Set down the whole listing below exactly, without pictures.

* _Dataset content_
____________

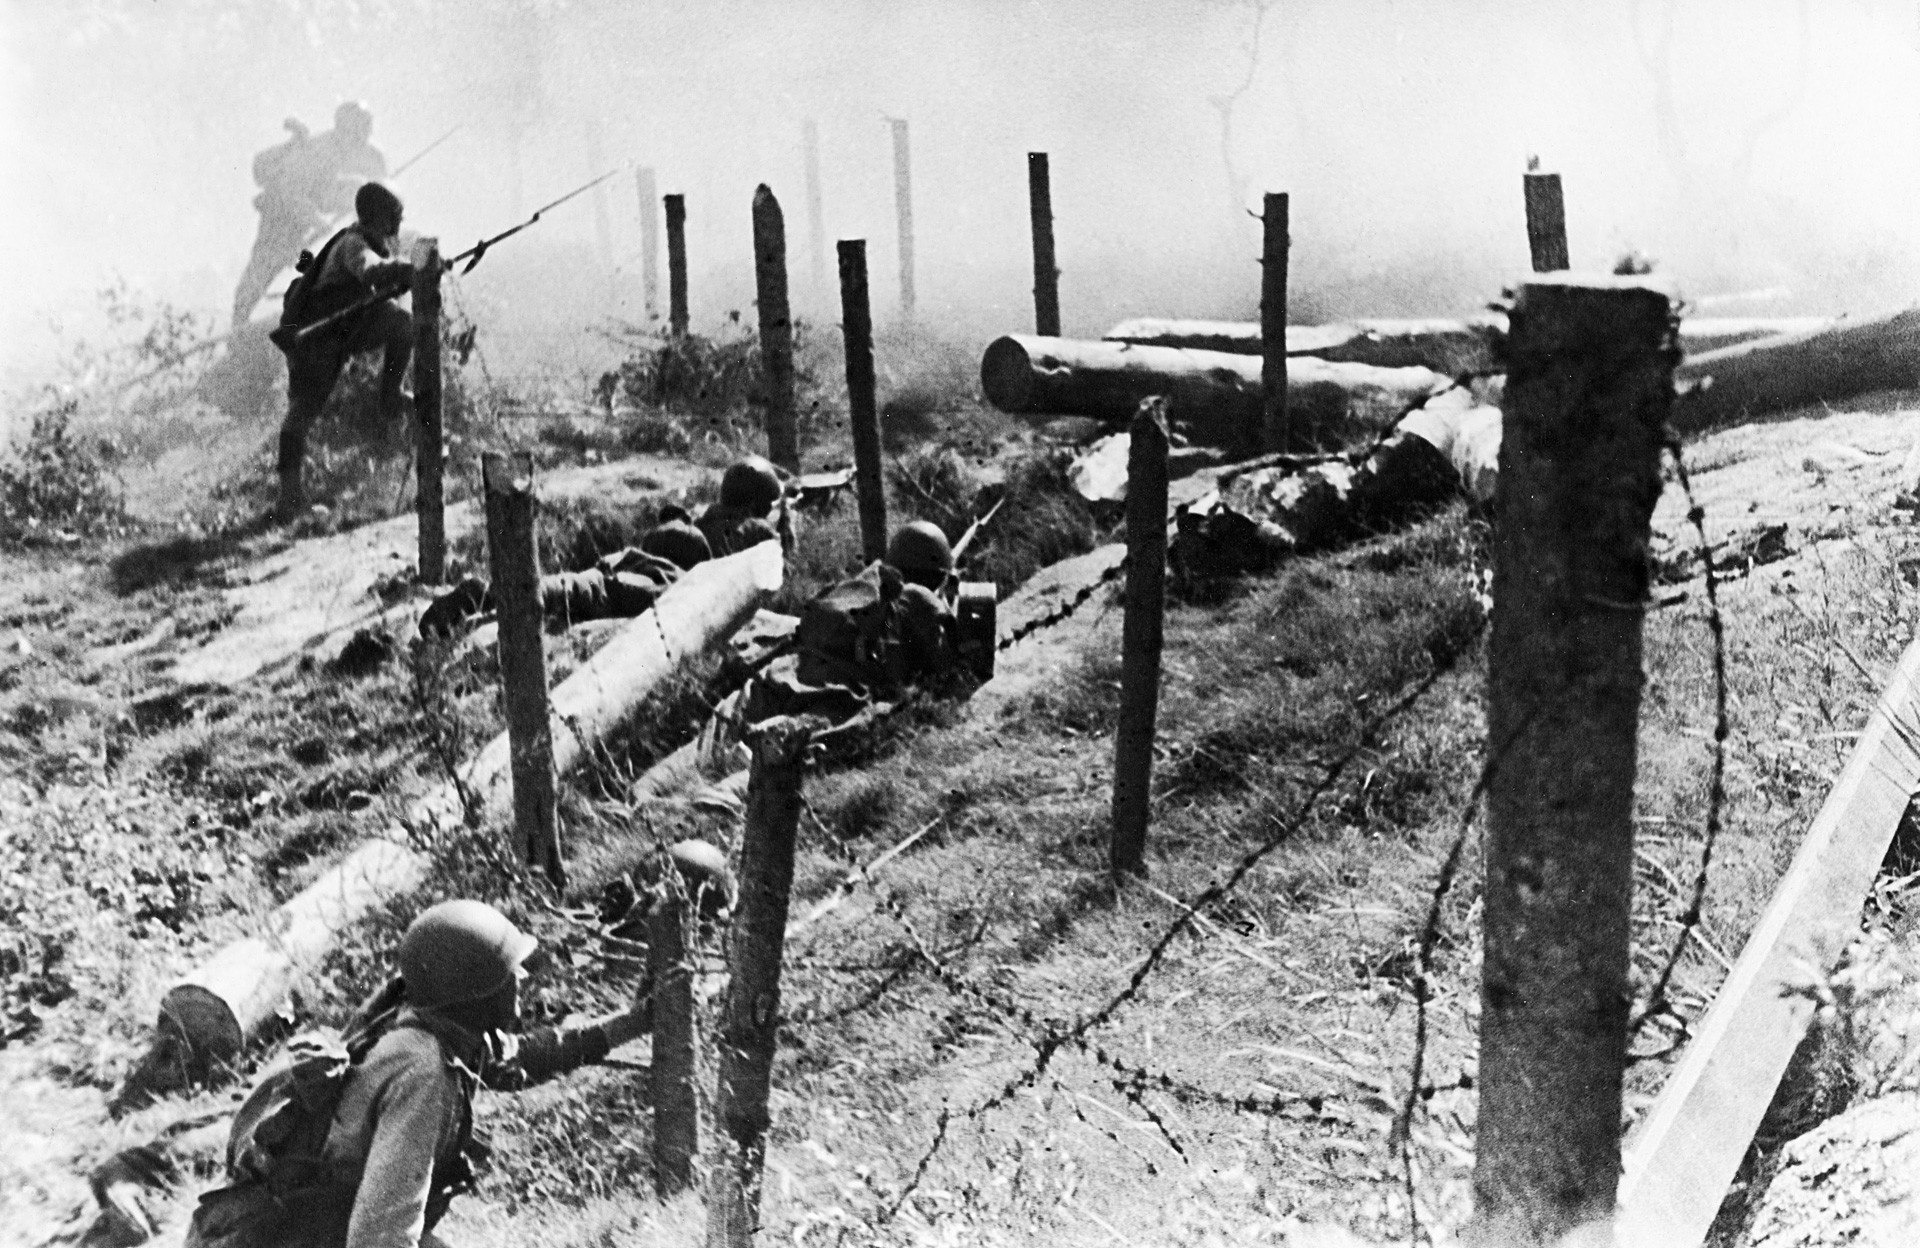 Tropas del Ejército Rojo asaltan un fuerte finés en el bosque, 1939.
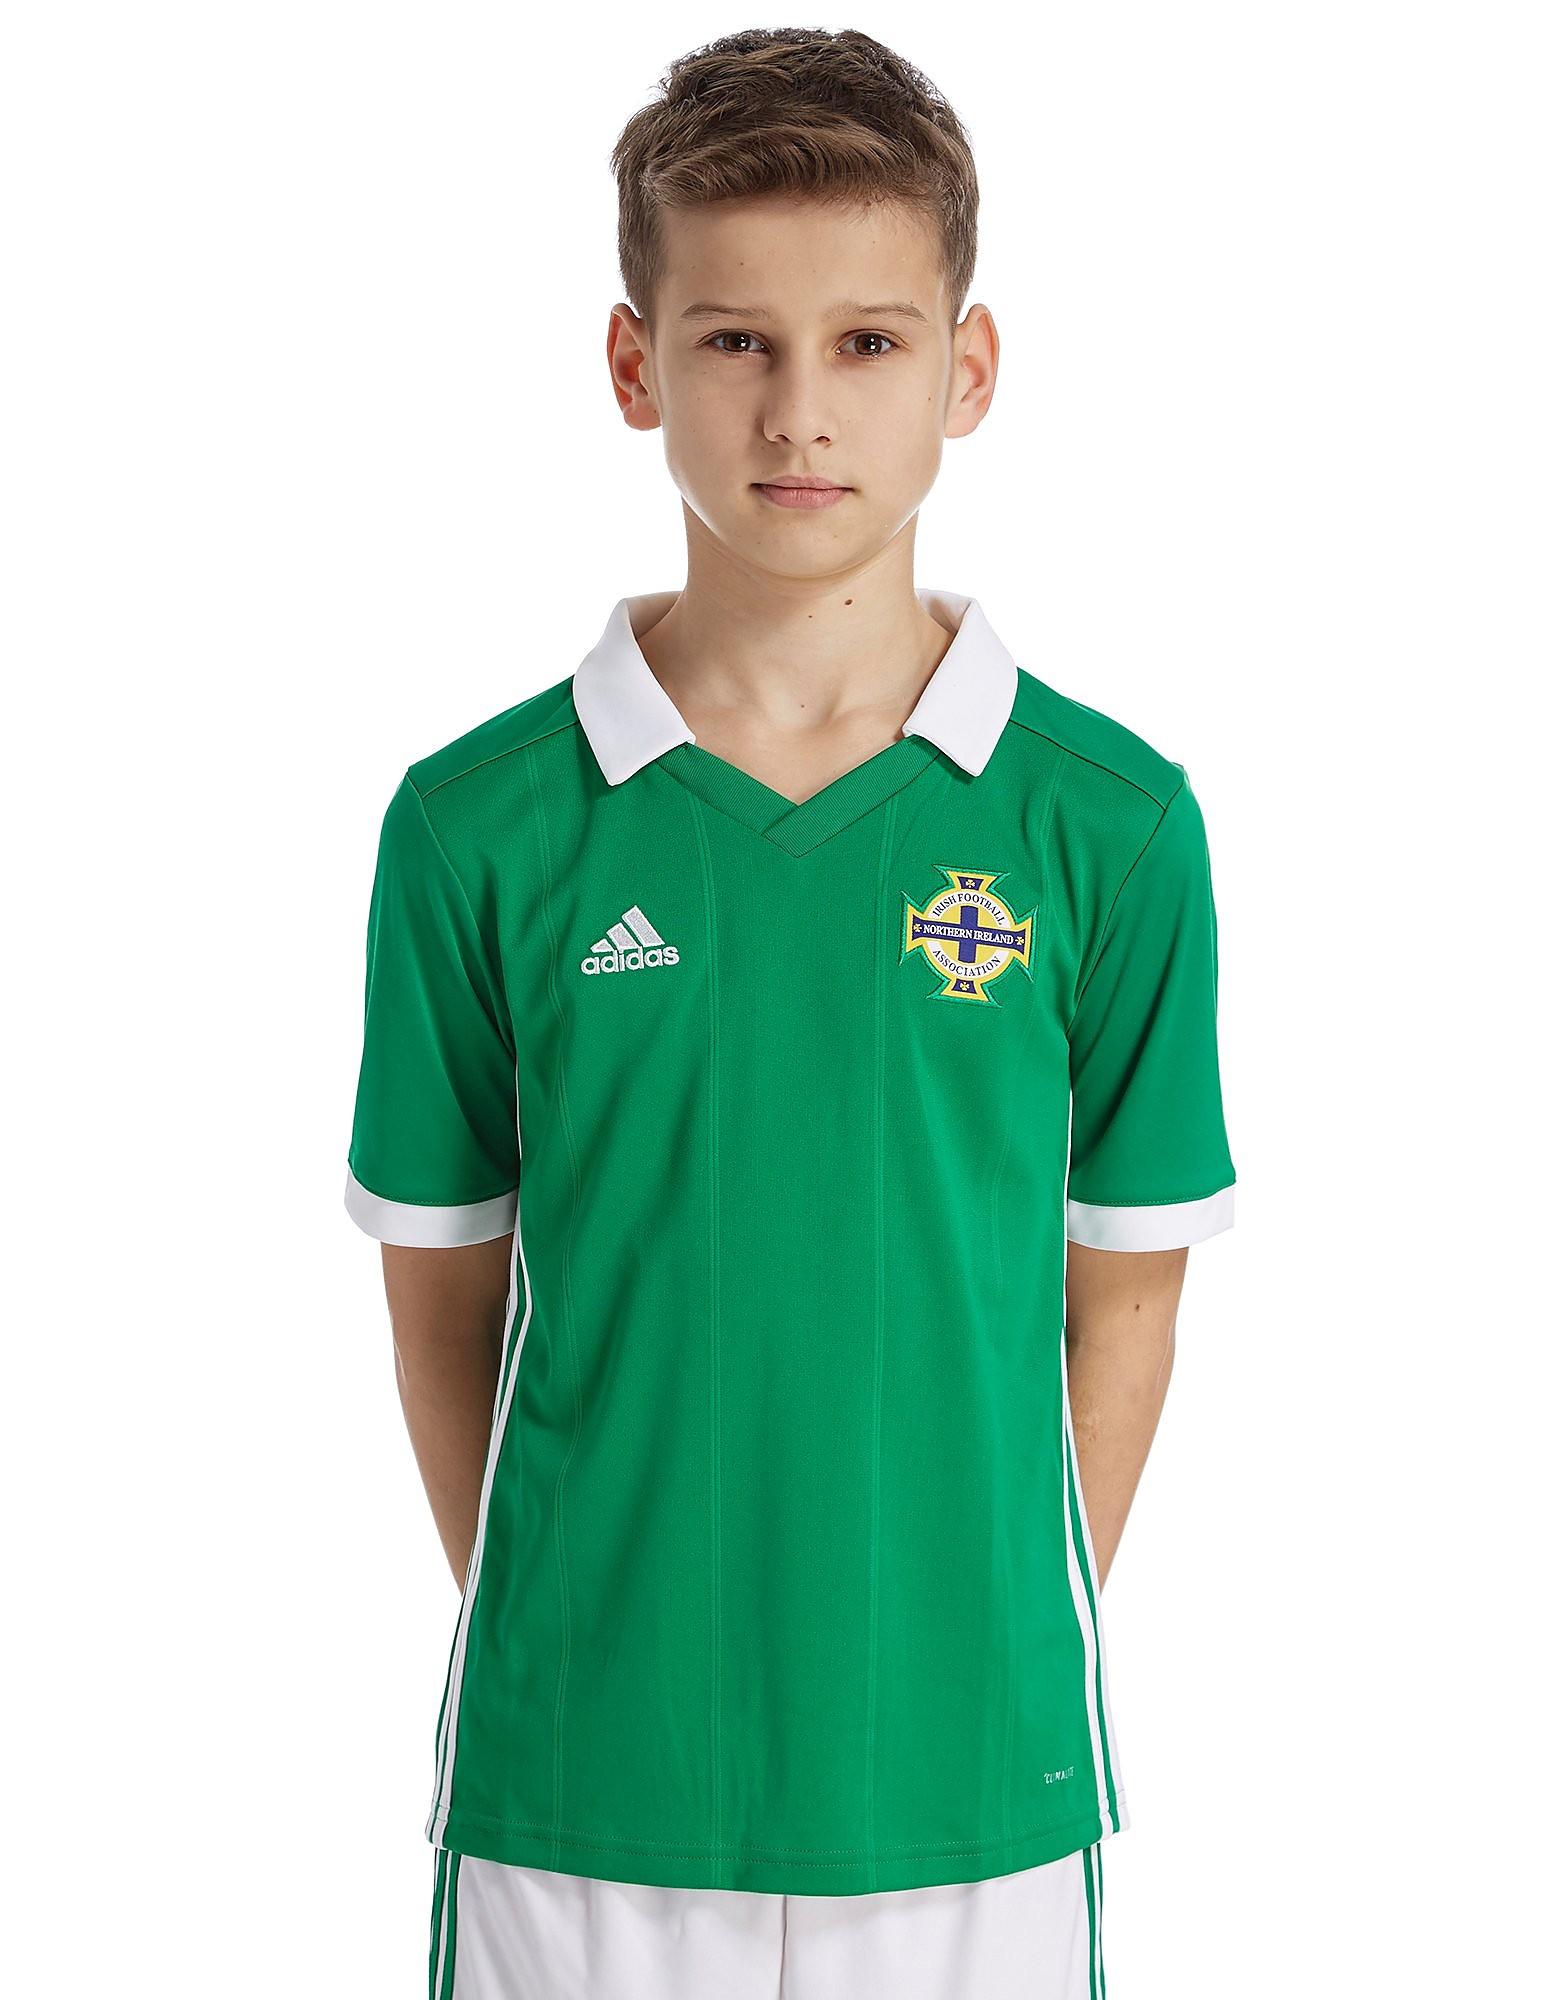 adidas Northern Ireland 2017/18 Home Shirt Junior - Groen - Kind
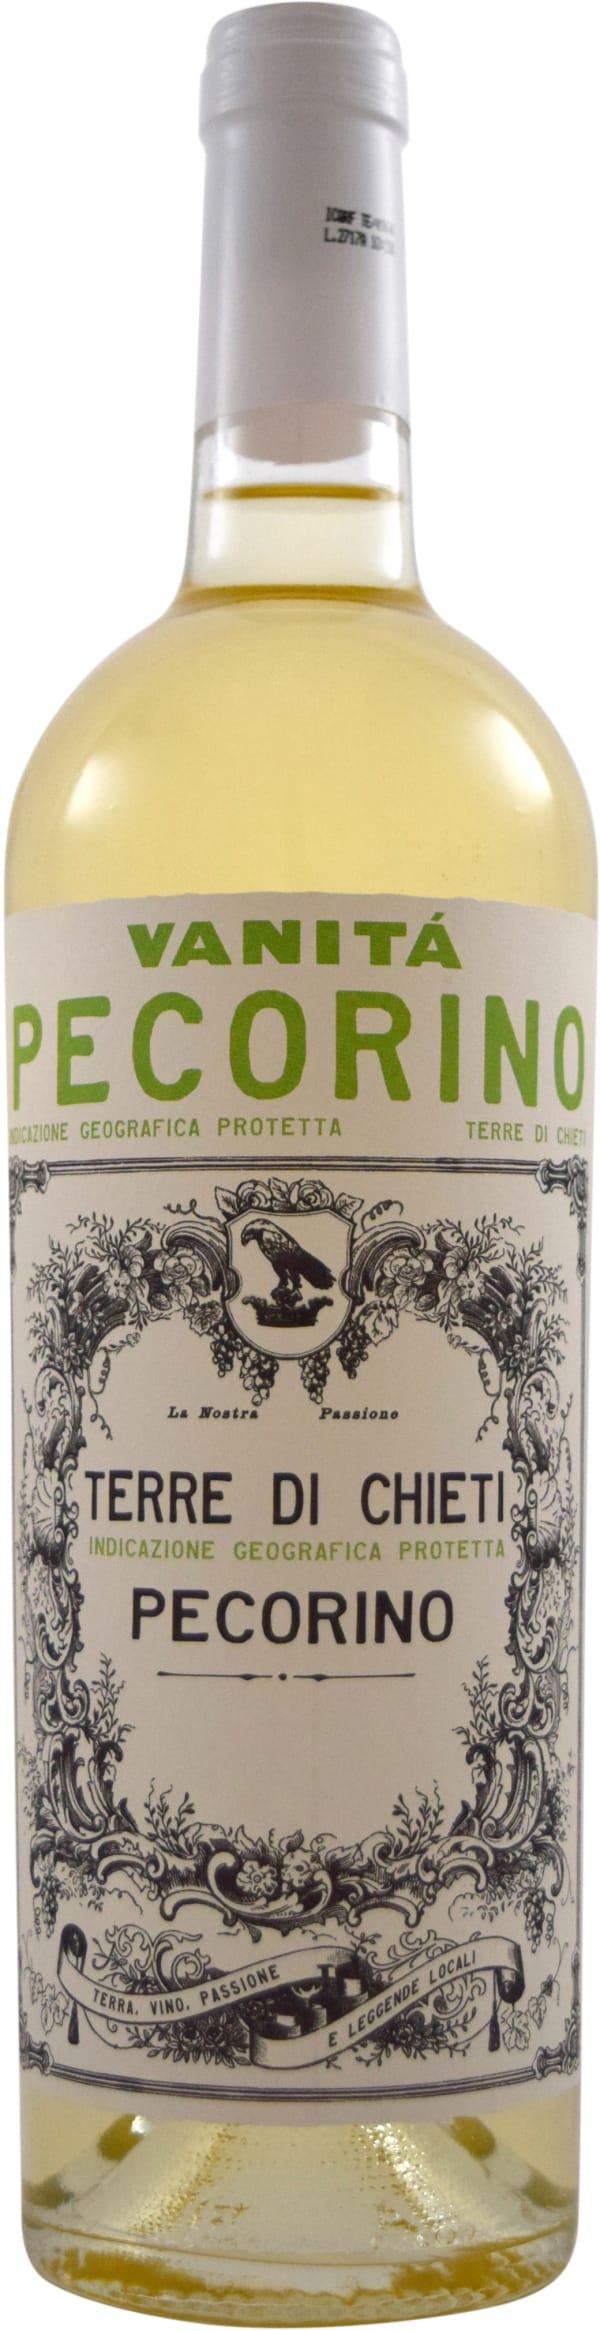 Vanitá Pecorino 2017

____________

* _Finished exercise_
 Tropas del Ejército Rojo asaltan un fuerte finés en el bosque, 1939.
 adidas Northern Ireland 2017/18 Home Shirt Junior - Groen - Kind
 Vanitá Pecorino 2017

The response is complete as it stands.